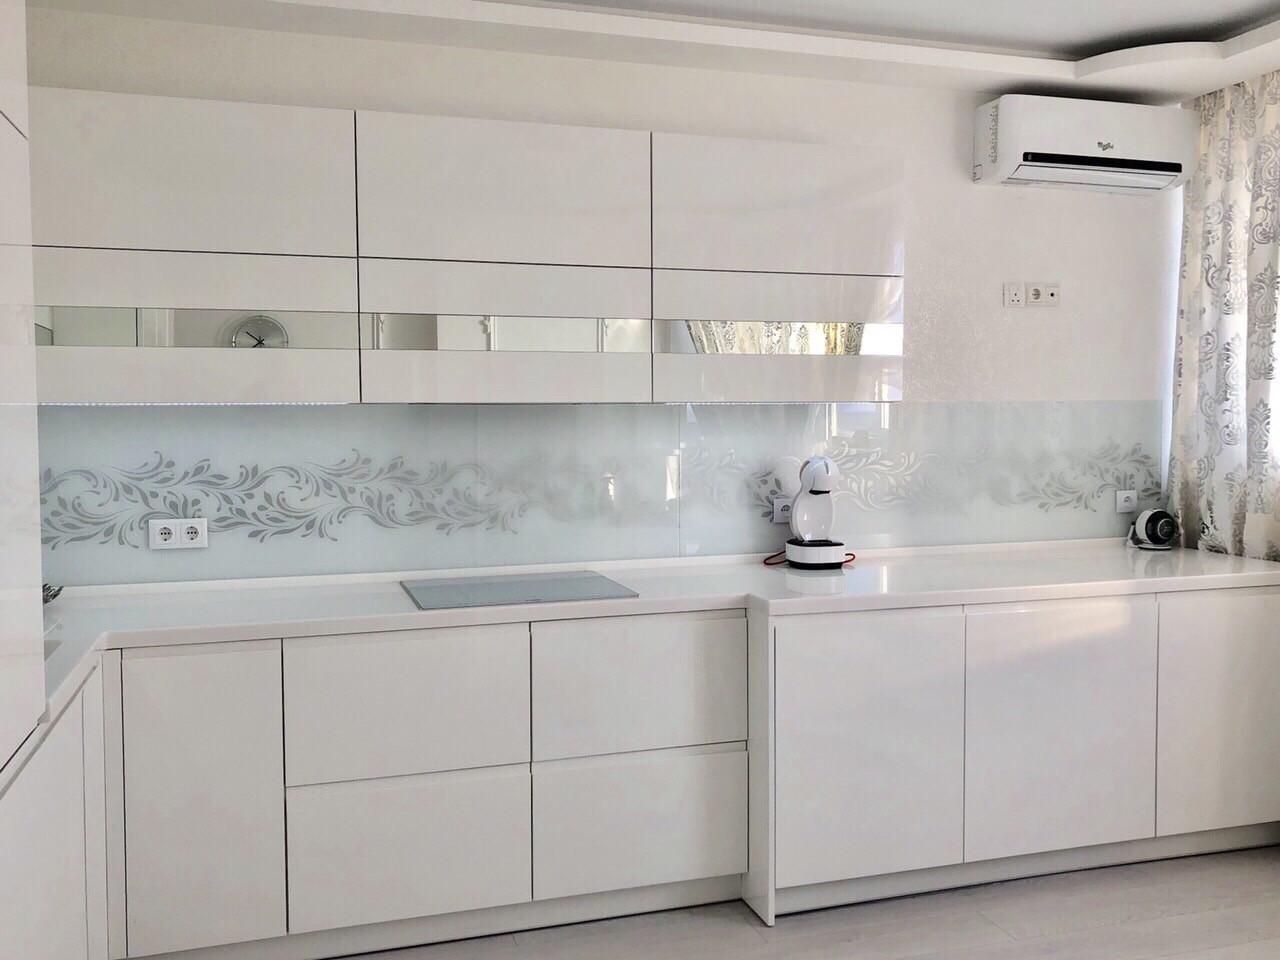 Кухня на заказ Тель-Авив белый глянец столешница акрил  BLUM-072
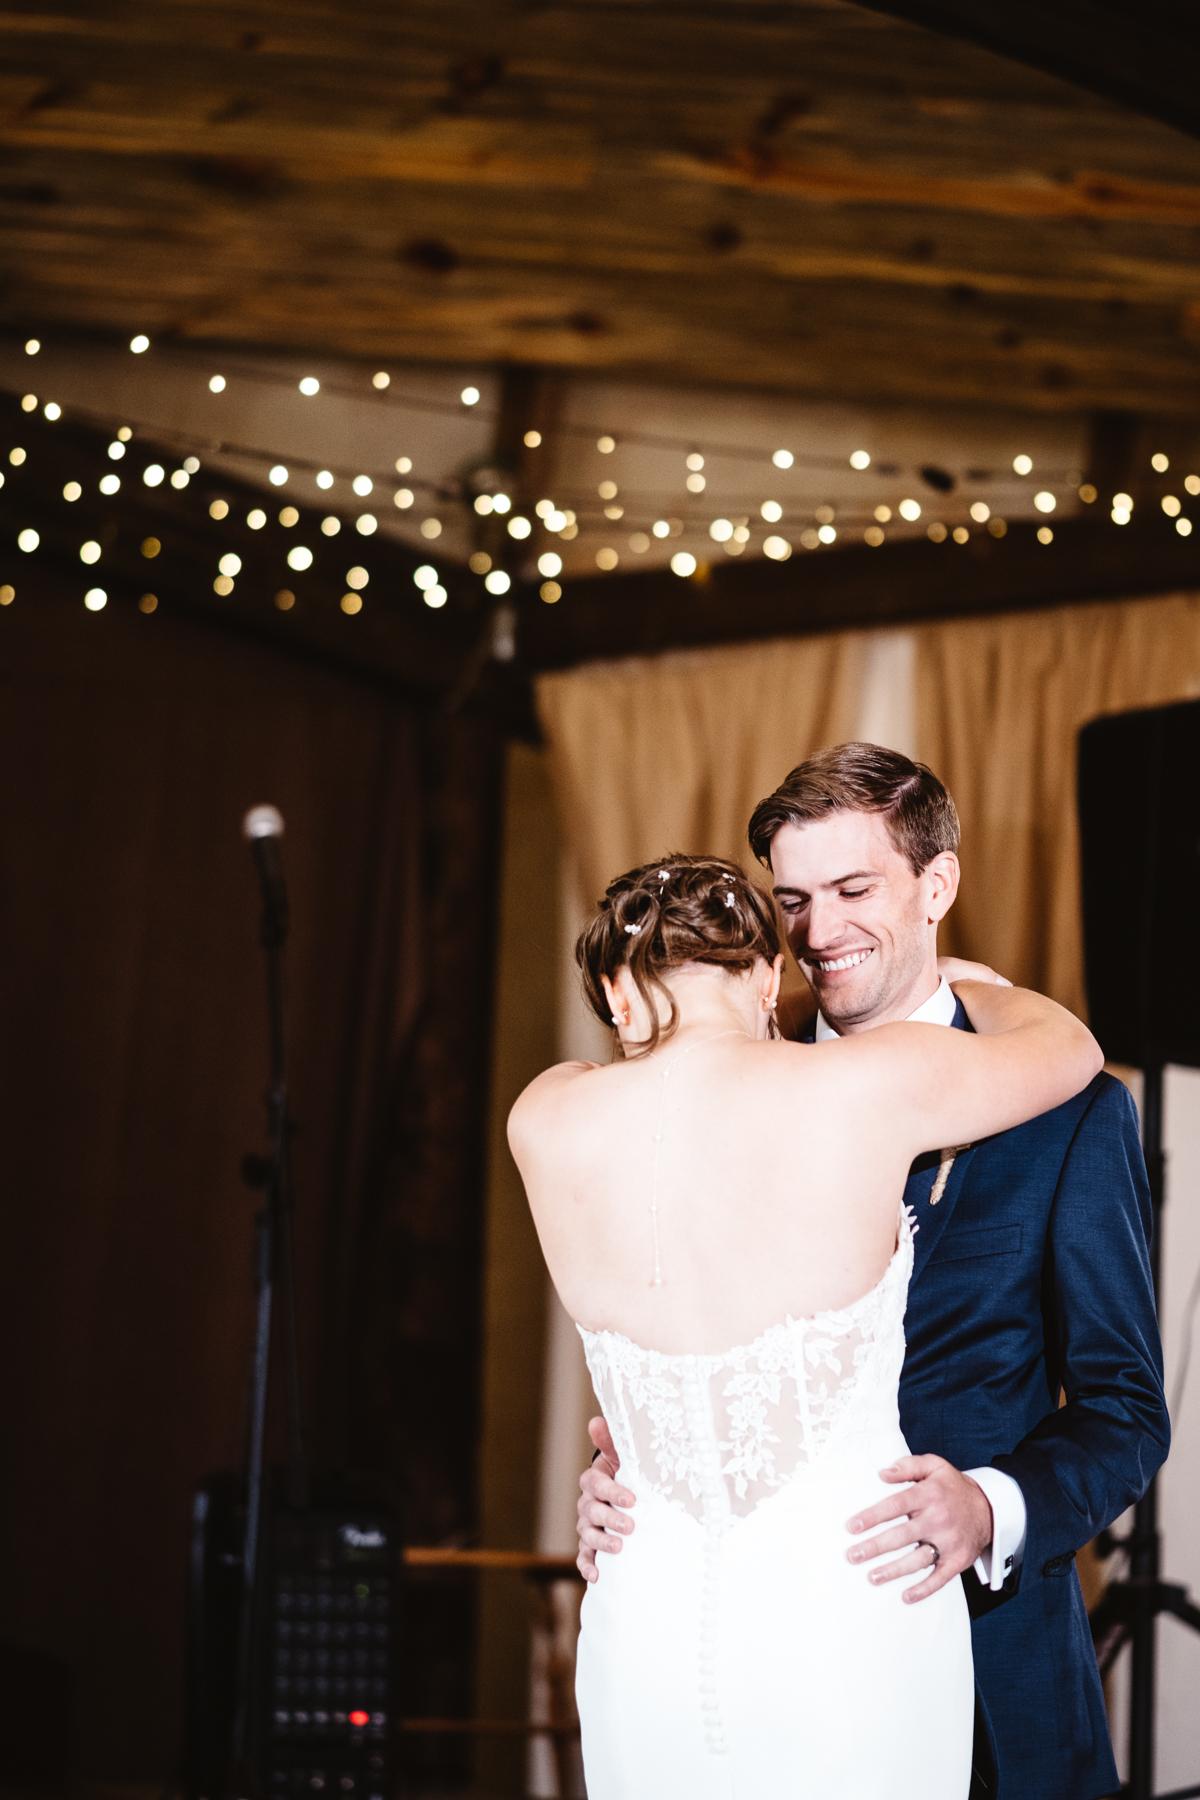 Chelsie+Mike-Lone-Hawk-Farm-Wedding-048.jpg
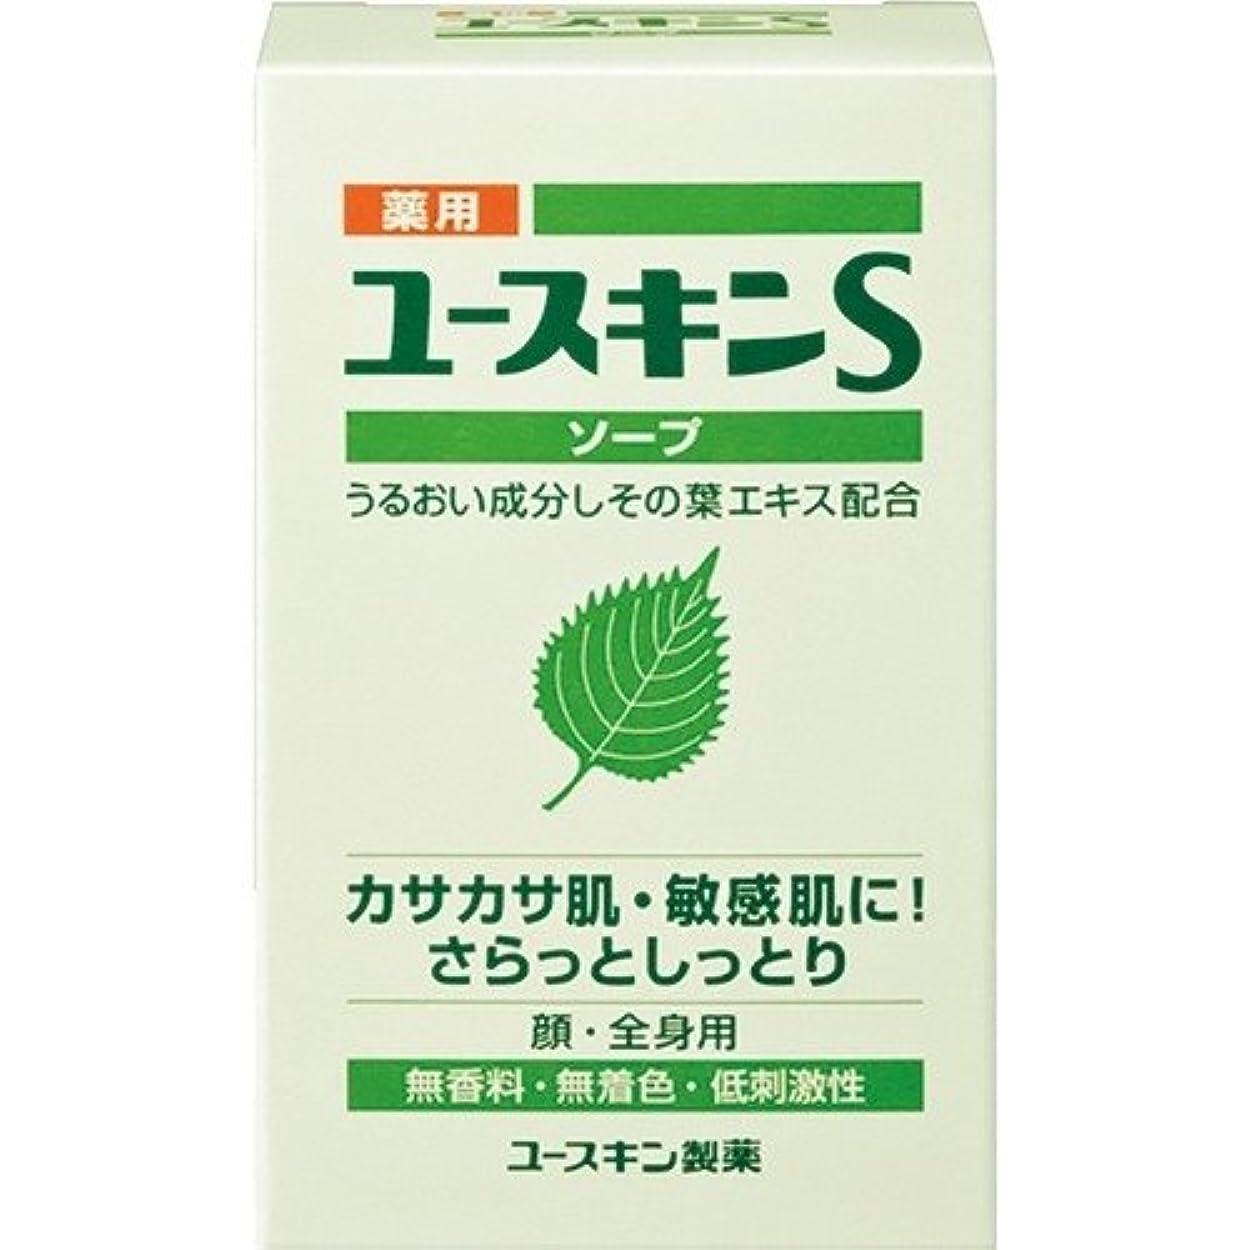 インストールオゾン平凡薬用ユースキンSソープ

**Problem to solve:**
Your job is to reproduce the material exactly. Keep pictures out of it.

**Reply to the exercise:**
 Кухня на заказ Тель-Авив белый глянец столешница акрил  BLUM-072
 Chelsie+Mike-Lone-Hawk-Farm-Wedding-048.jpg
 インストールオゾン平凡薬用ユースキンSソープ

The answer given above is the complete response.